The measures will come into force from Monday September 14, Health Minister Alain Berset announced on Friday. He said one region of Austria (Vienna) and nine regions of France including Paris were being put on the high-risk list.  

This means Swiss residents should refrain from going to those regions unless absolutely necessary, Berset explained. Anyone returning from there must go into quarantine for 10 days. There are some exceptions such as for medical or professional reasons.   

Berset said the government had decided on a pragmatic solution because of the “intense exchange” that takes place in border regions and the number of cross-border workers in cities like Geneva and Basel. Other countries have also adopted the practice of putting regions rather than whole countries on their “red list”. Belgium, for example, has put some Swiss cantons on its list.  

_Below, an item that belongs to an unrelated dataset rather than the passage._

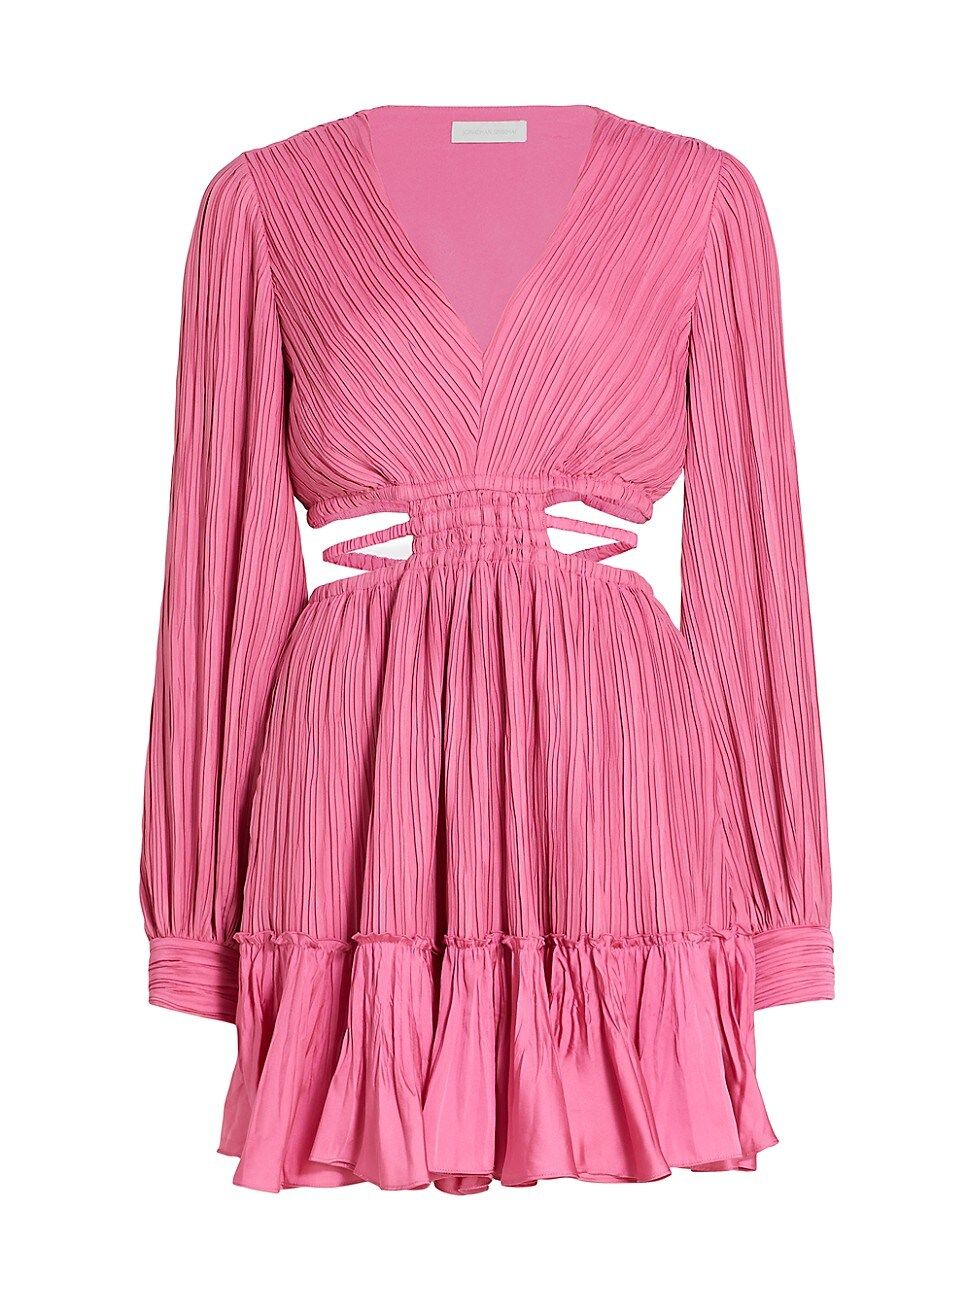 Women's Londyn Pleated Waist Cut-Out Minidress - Hot Pink - Size Medium - Hot Pink - Size Medium | Saks Fifth Avenue

The minister noted that cases were rising in European countries and also in Switzerland, where the number of new daily infections has just passed 500.  The new cases are mostly among people under 40, he said, while the numbers of hospitalisations and deaths are low.  

He said countries were working together to keep the situation under control and maintain vital contact tracing. The situation is very different from at the beginning of the pandemic, Berset stressed, and the aim was not to close borders.  

The regions of France that will be on Switzerland’s risk list from Monday are: Centre-Val de Loire, Corsica, Hauts-de-France, Île de France (the Paris region), Normandy, Nouvelle-Aquitaine, Occitanie, Pays de la Loire and Provence-Alpes-Côte d’Azur. There are also a number of French overseas territories (French Guyana, Guadeloupe, French Polynesia, Réunion, Martinique, Mayotte, Saint-Barthélemy and Saint-Martin).